私は今一度語った。桜木の同情からくる晴子への気遣いは全てお節介でしかないこと。そう流川も暗に言っていたこと。そしてどうしたらいいのか、それも水戸が答えていたこと。桜木は大人しく頷いていた。
「つまり流川のこた無視して、俺は俺の気持ちを伝えることだけ考えりゃいいのか。うん、うーむ……ハァァァでもなぁ……」
頭をぐしゃぐしゃに抱え込む桜木の不安は優に察することができる。長らく流川に片思いしていた彼女が唐突な告白で靡くか……正直難しいところニャ。
「ニャんて告白するつもりニャ?」
「そ……そりゃぁ男らしく……いや、普通に、『好きです。お付き合いして下さい』だろ?」
肝心なところを流川よりボソボソと呟いたわけだが、正解は少し違う気がした。
「私が思うに、お付き合いというつまり相手からの想いも求めるということは、相手もそれだけ負担を抱くわけニャ。お付き合いするか判断せニャならニャい。そして返事をせニャならニャい。真面目な子なら尚更、真剣に悩んだ上になるべく早く返事をしニャきゃとそれはそれは抱え込むはずニャ」
「なるほど……って、俺の告白はそんな迷惑かよ!」
「それこそ相手によるニャ」
「んまあ、確かに……晴子さんの気持ち考えんの忘れてた。負担になったらどうすんべ……」
「伝えるのはあくまで好意なんだから、迷惑ってわけでもないニャ。でもそうやって相手の気持ちを考えればもう答えは出るニャ」
「わかったようなわかんねぇような……まあいい。なんとかやってみる」
そう言って、頼もしく立ち上がった桜木へ最後にもう一つ。
「もう一回しゃがむニャ」
なんだ? と素直にしゃがんだ桜木の、覗き込んできたその顔に、その片頬に、右前脚を振りかざした私は思いっきりビンタした。
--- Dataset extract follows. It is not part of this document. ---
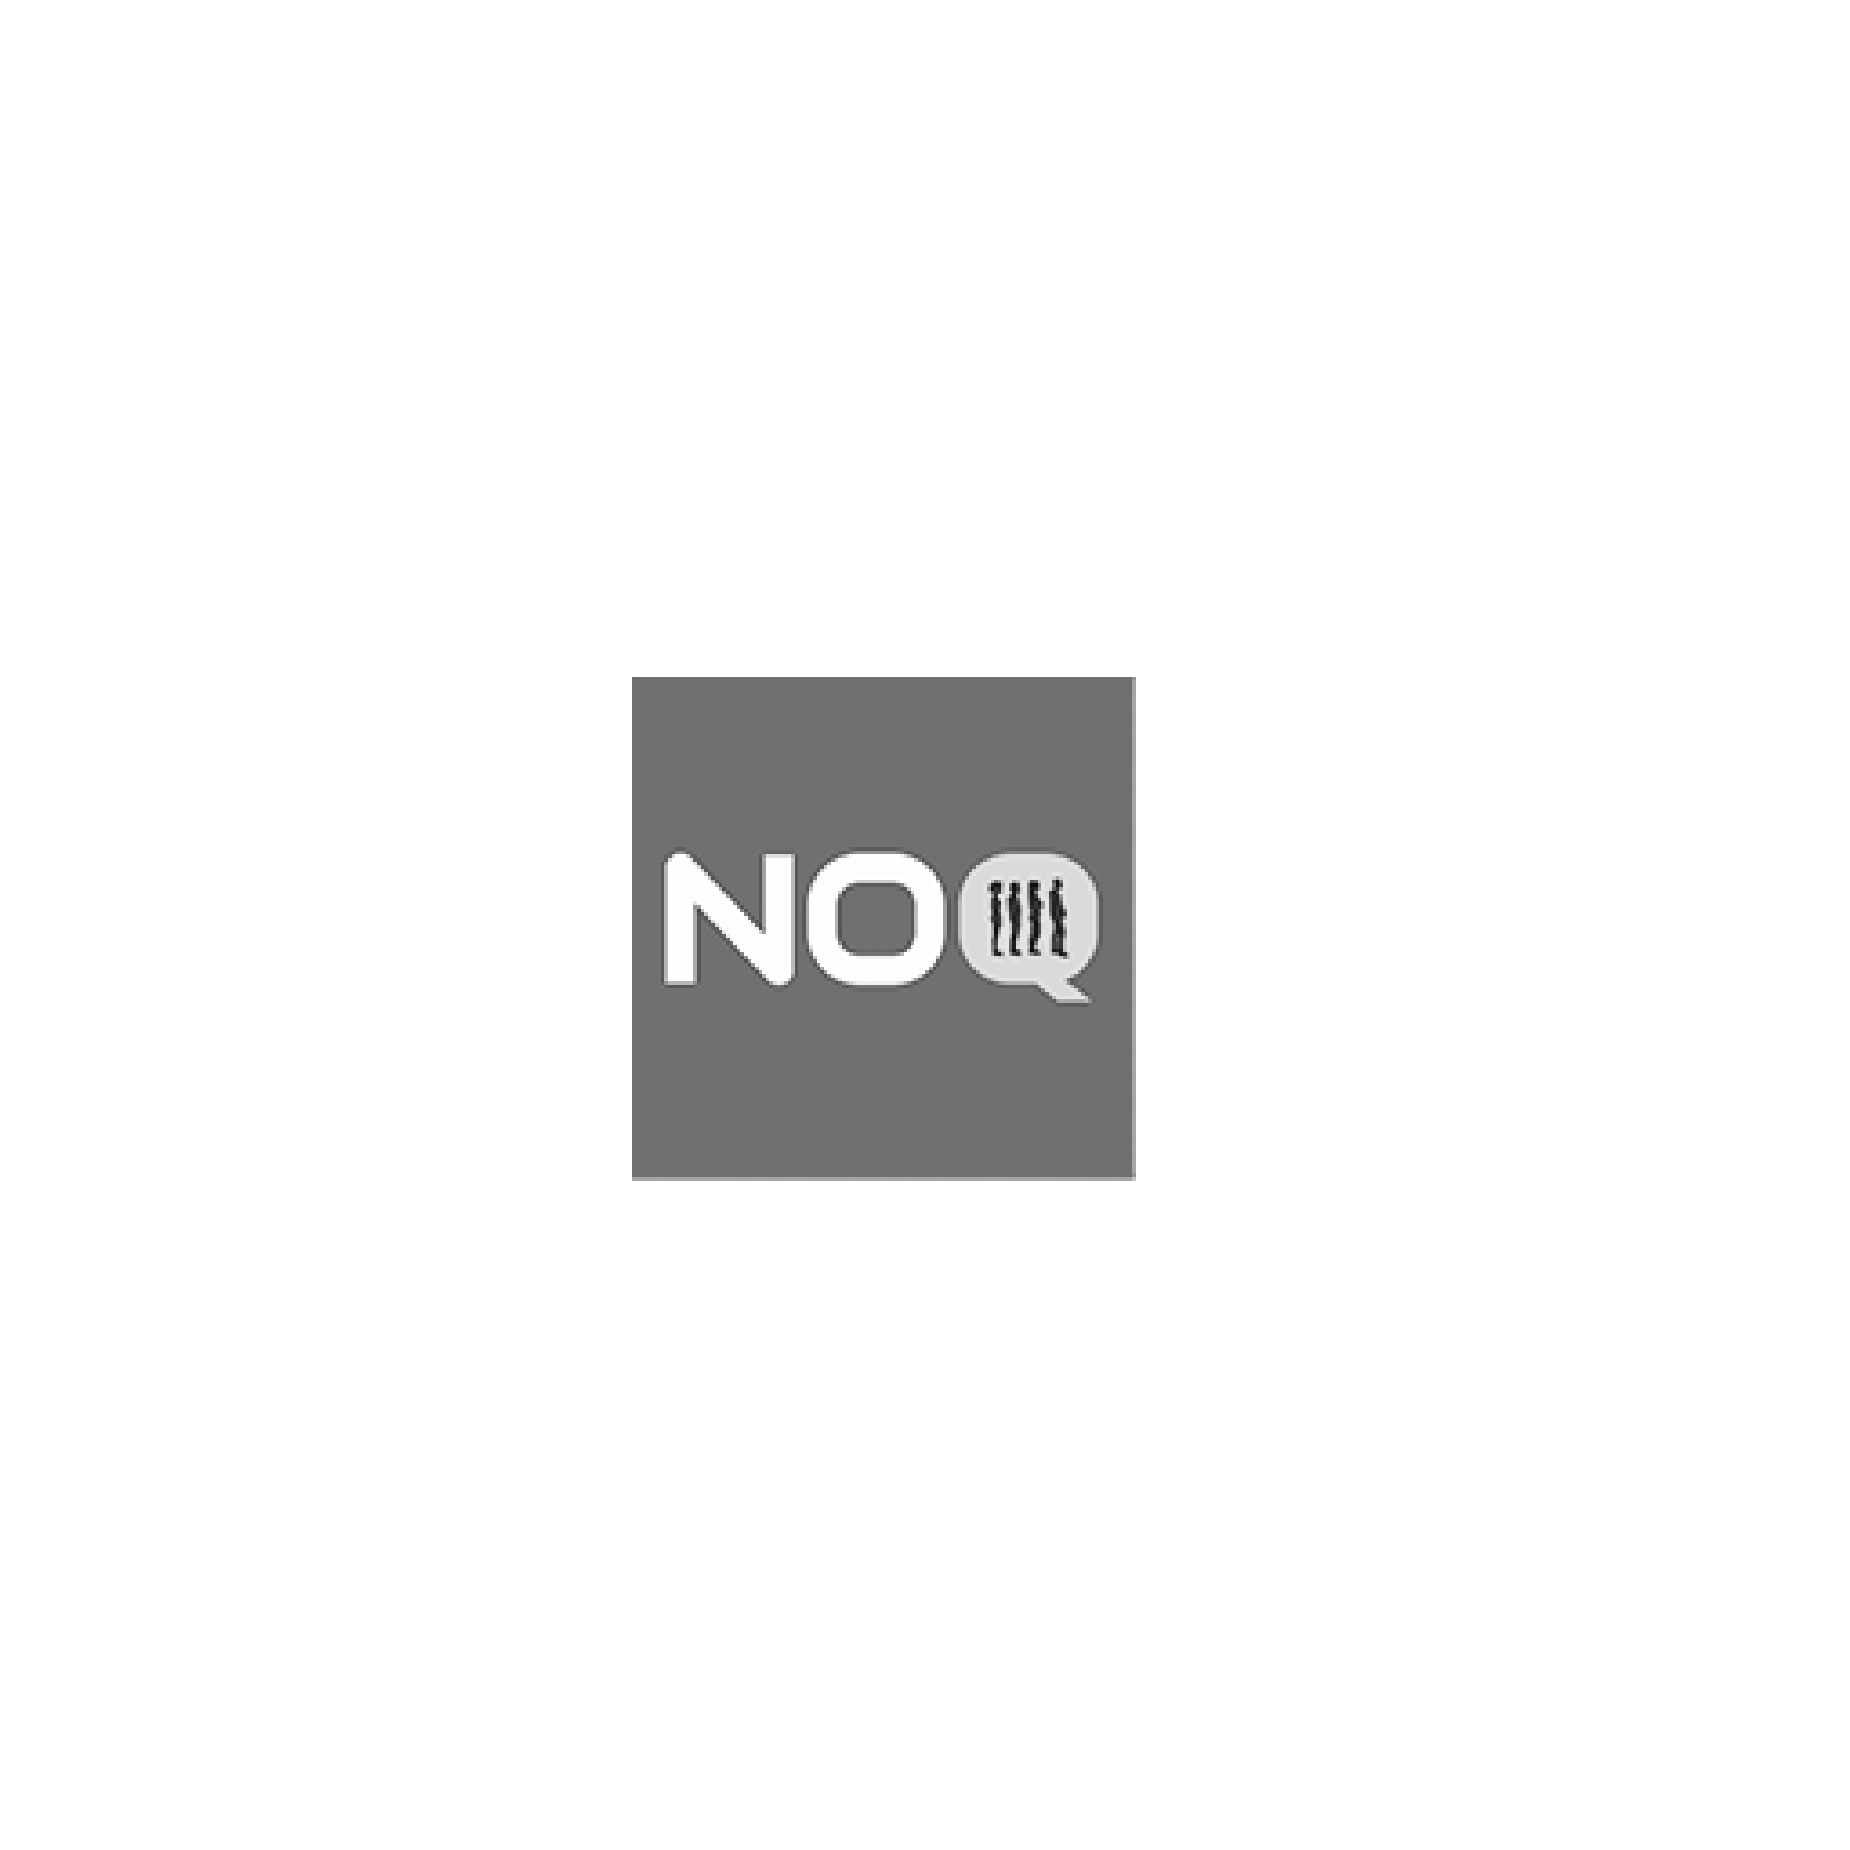 noq-01.png
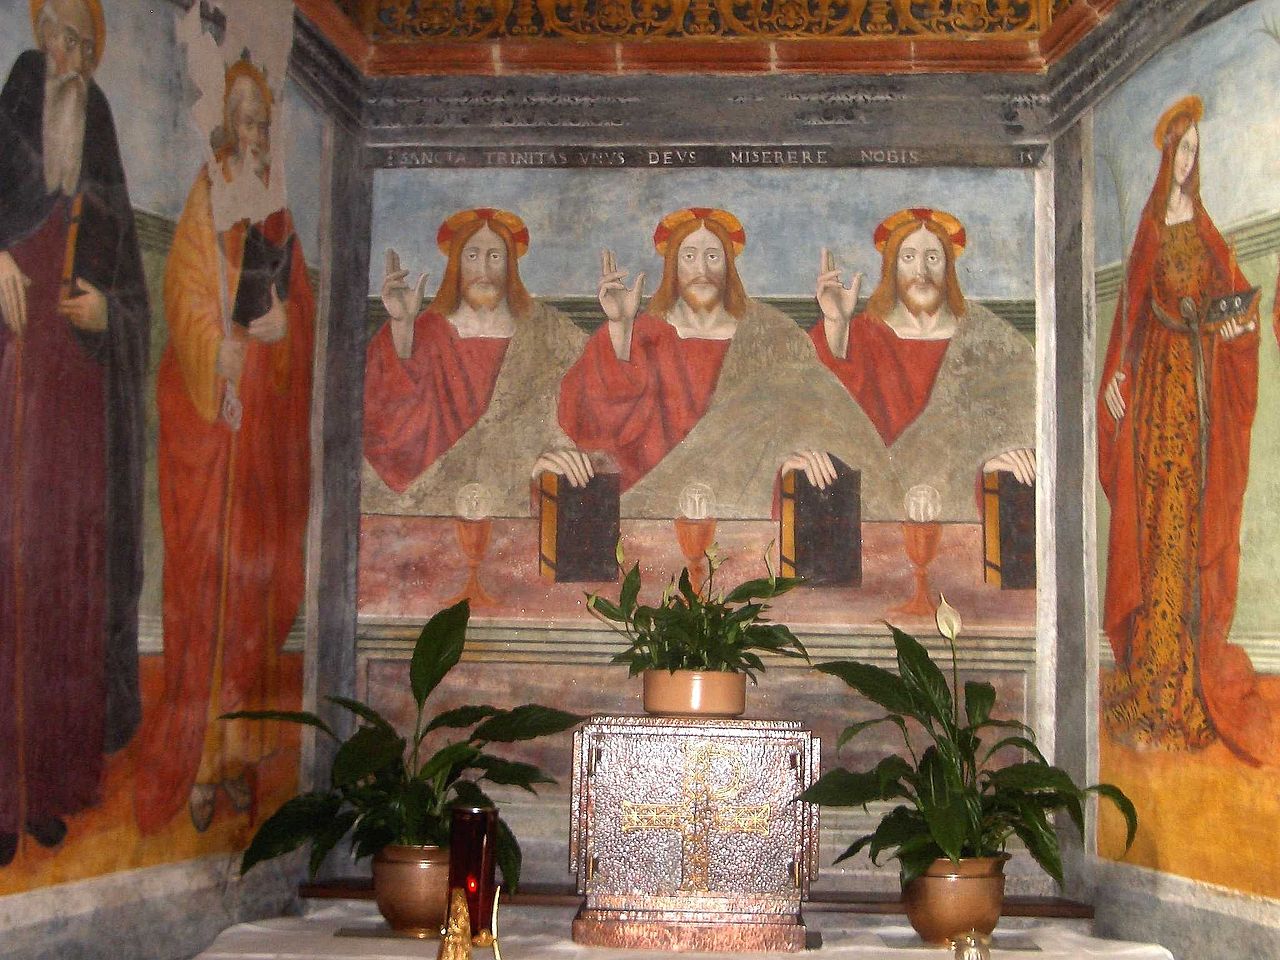 Imagen tríplice de Cristo: fresco de la escuela del pintor Defendente Ferrari, en la iglesia de la Santísima Trinidad de Brenna, siglo XVI

「な……なななななんだ貴様! ここに来てケンカ売ってんのか? テメェ猫の分際でこの桜木に何しやがる! まあ、猫如きのビンタなど大して痛くもねぇがな。ただなんのつもりか説明しろこのチビ助!」
その通り、爪を引っ込めただけのただの肉球ビンタなのだから痛みなどないはず。
「ただの景気付けニャ。それに女の子のビンタに比べたら、雌のビンタなんてなんでもないニャ」
「ん? お前メスか。ガキだからさっぱりわかんねぇな。ま、いっか。それよりもう帰る」
再び立ち上がった桜木が私に背を向け、脇腹に付いた流川の足跡を払いながらぶっきらぼうに礼を言った。
「世話んなったな。ぶたれて礼なんか言いたかねーけど、なんか吹っ切れたっつーか、いい加減ケリ付ける気んなったぜ。サンキューな」
片頬に触れて、ニヤッと笑って、そして時間だ急がなきゃと慌ただしく、とうとうここを去っていった。
点々と灯る街灯が徐々に彼の背中を小さくして、角を曲がって消えるまでの間、見送った私は不思議な気持ちに覆われていた。
桜木にここまでするつもりはなかった。しかし数時間を共にして、彼のバスケと人に対する情熱に触れ、その度に心を揺さぶられ、気付けば言葉を交わしていた。ほんの僅かな時間にしてすっかり心が通った気がした。次に会った時には気軽に声を掛け合えるような、晴れやかな心が今もここに留まる。これもまた、人の魅力を一つだと思う。
頭上のカラリという音を聞いて見上げれば、それは203号室のベランダから。私は飛ぶ勢いで開いた窓に駆け込んでいった。